Creamy, cheesy, savory spinach wrapped in flakey filo triangles. Easy and lots of fun to make.
Filling: thaw and drain spinach, making sure to squeeze water out with your hands till dry. Sauté onion in oil till soft and translucent. Add spinach, stirring to break up clumps and coat with oil. Remove from heat and cool. Add remaining filling ingredients, mixing throroughly.
Filo Dough: place 1 filo sheet horizontally on a counter and brush lightly with melted butter. Place a second sheet on top and brush it. With the two sheets stacked together, use a sharp knife to cut them the short way, into 5 strips (2 1/2 or 2 3/4" wide). Be sure to cover the remaining dough with plastic wrap or slightly damp towel to keep it from drying out.
Assembly: Now you're going to fold a flag—remember from Scouts? First, though, preheat oven to 350.
Now for the flag: place 1 tsp. filling on a strip, 1" from bottom. Fold bottom right-hand corner diagonally, to meet left-hand edge, making a triangle. Then fold straight upward, against the triangle’s top horizontal edge. Fold diagonally again. This time fold the lower-left corner to meet right edge. Then fold straight up, again, and so on—just like a flag. Use a drop of water on your finger to paste down the final flap.*
Place filled triangle on a greased cookie sheet and brush with butter. Make all 30 spanikopitas, place in oven and bake for 20-25 minutes till golden. Serve warm.

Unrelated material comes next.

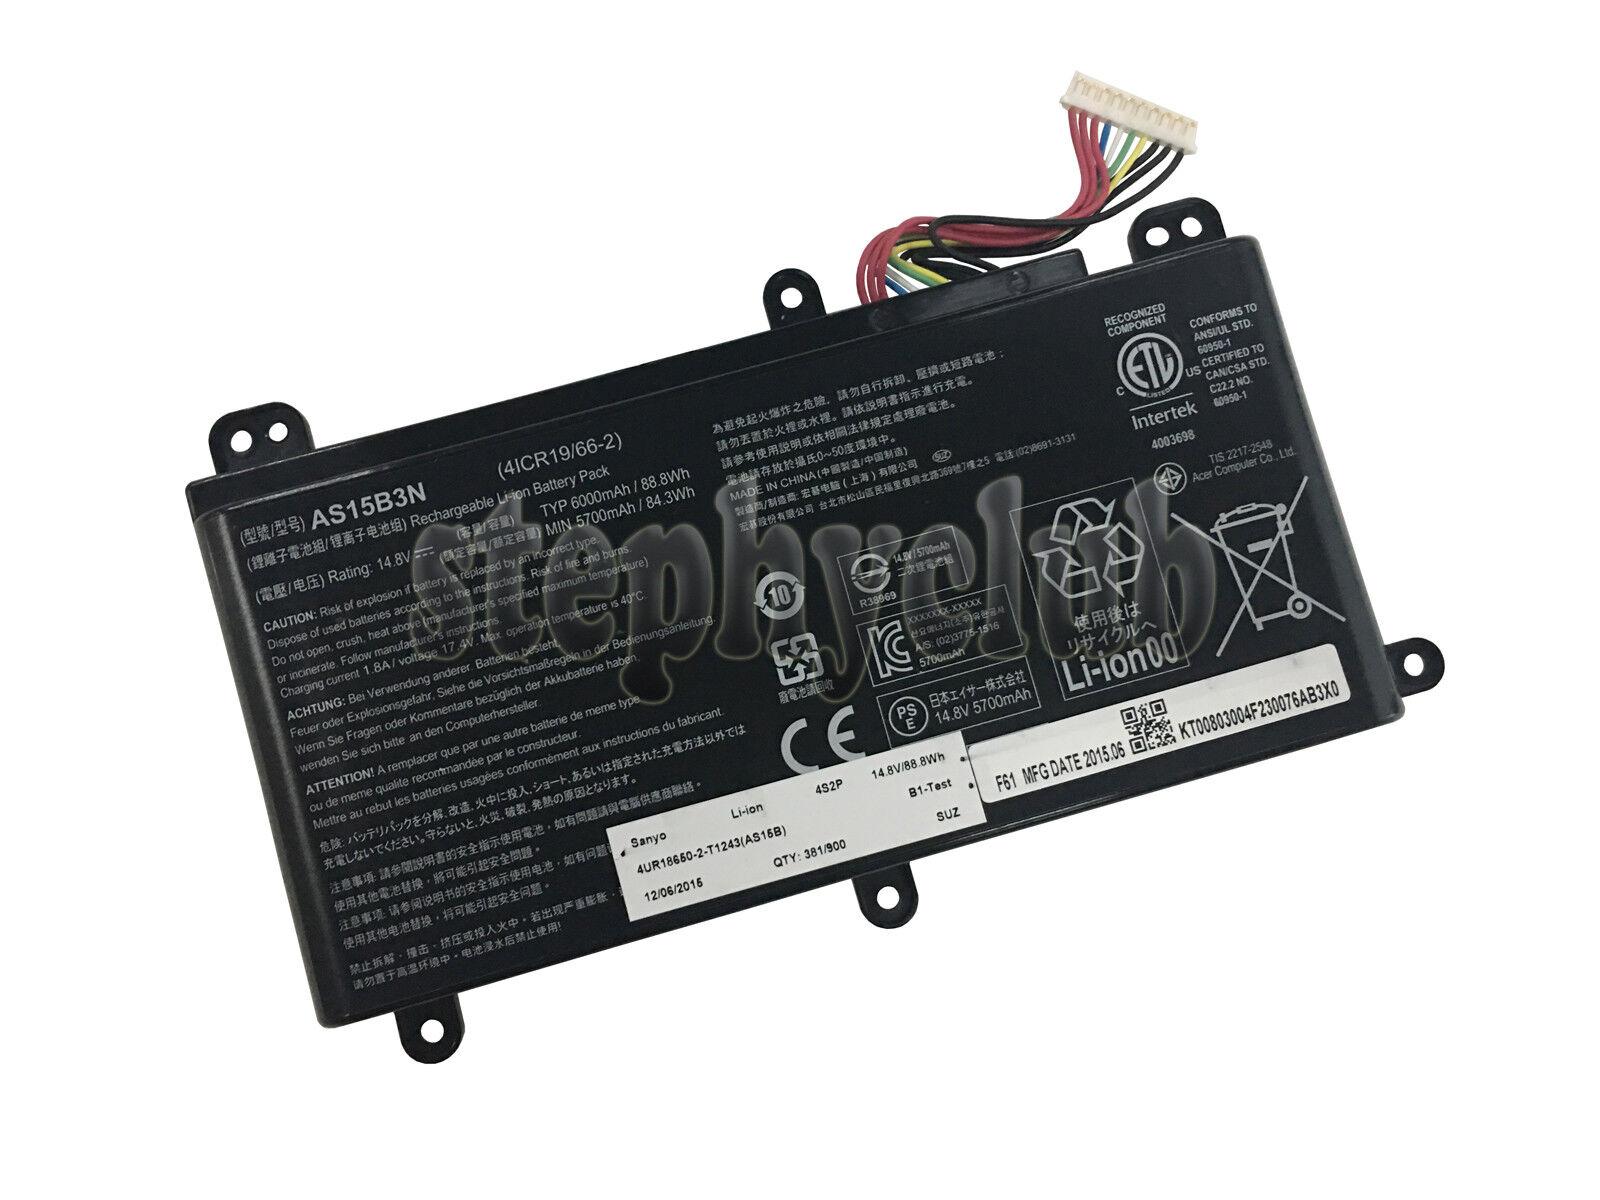 amsahr 14.8 V 88.8 W 6000 mAh Replacement Battery for Acer AS15B3N//Predator 15 G9-591-731D//17 G9-792-74TT

* At this point, you can freeze the triangles. When you’re ready to cook, brush them with the butter and place them, still frozen, into the oven for about 40-45 minutes, till golden.
Tips & Glossary
You may not have a number of ingredients used in Greek cooking in your spice shelf, but you can find them at Mid-Eastern food stores. So to avoid frustration, make a list of the items you need before trying out the recipes.

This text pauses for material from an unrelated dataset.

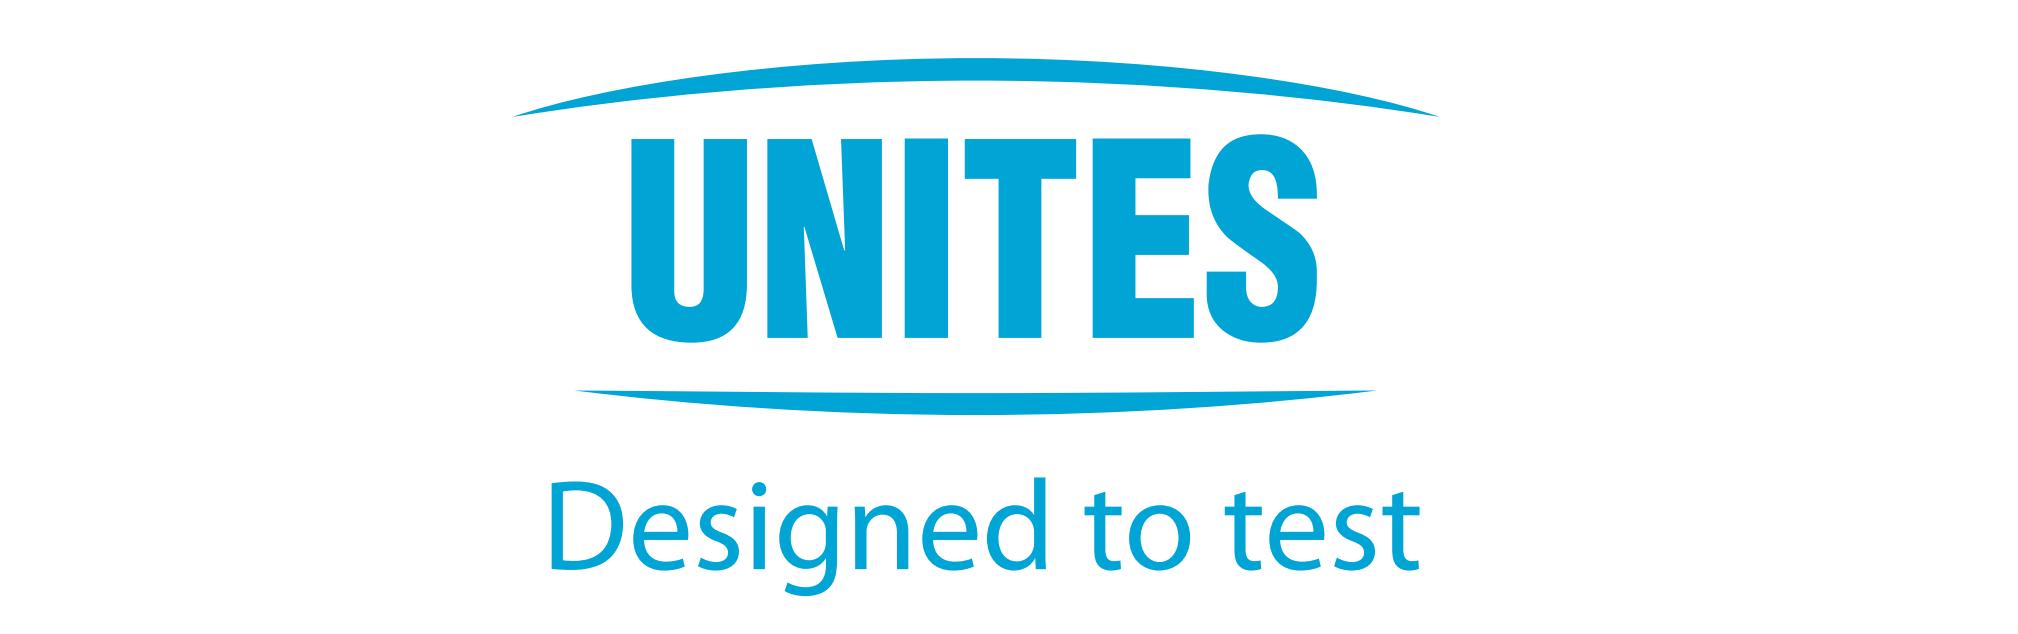 unites1

Filo: aka phyllo, paper-thin sheets of raw, unleavened flour dough. Purchase frozen in most grocery stores and follow directions on package for thawing. When working with a sheet, keep others covered with a damp towel to prevent drying out.
Grape Leaves: Grape leaves are sold canned in salted oil. Rinse off the salt before using. If you want, prepare your own: find fresh, tender young leaves and plunge them for 1 minute into boiling water (with 1 or 2 T lemon juice). Then proceed with recipe. After blanching, you can freeze them for later use. Here’s how: blanch as above, dunk in iced water, pat dry with towels, and seal in an air-tight plastic bag. They're safe for 6 months, but use quickly when thawed.
Nutmeg: Use small whole nuts and store them, tightly covered, in a dry dark area. Grate what you need using the smallest grating edge or grind in a food processor. What a difference from store bought nutmeg!
Pine Nuts: edible seeds of pine trees used in many Greek dishes. Before cooking, release flavor by lightly browning in a heated skillet
Skewers: Use metal or wooden skewers for kebobs. If wooden, soak 30 minutes before using to prevent them from catching on fire.
Rosewater: distilled from rose petals and used to flavor Mid-Eastern and Asian cooking. You can make your own. But, seriously, why would you? Purchase it at Asian or Mid-Eastern stores.
Semolina: aka farina or Cream of Wheat; a coarsely ground wheat grain. You also know it as couscous. If made from durum wheat, it is used to make pasta.
Tarama: poor-man's caviar. From carp roe, it is pinkish-orange and is what (along with food dye) gives taramasalata its lovely color. Buy it jarred in Mid-Eastern food stores.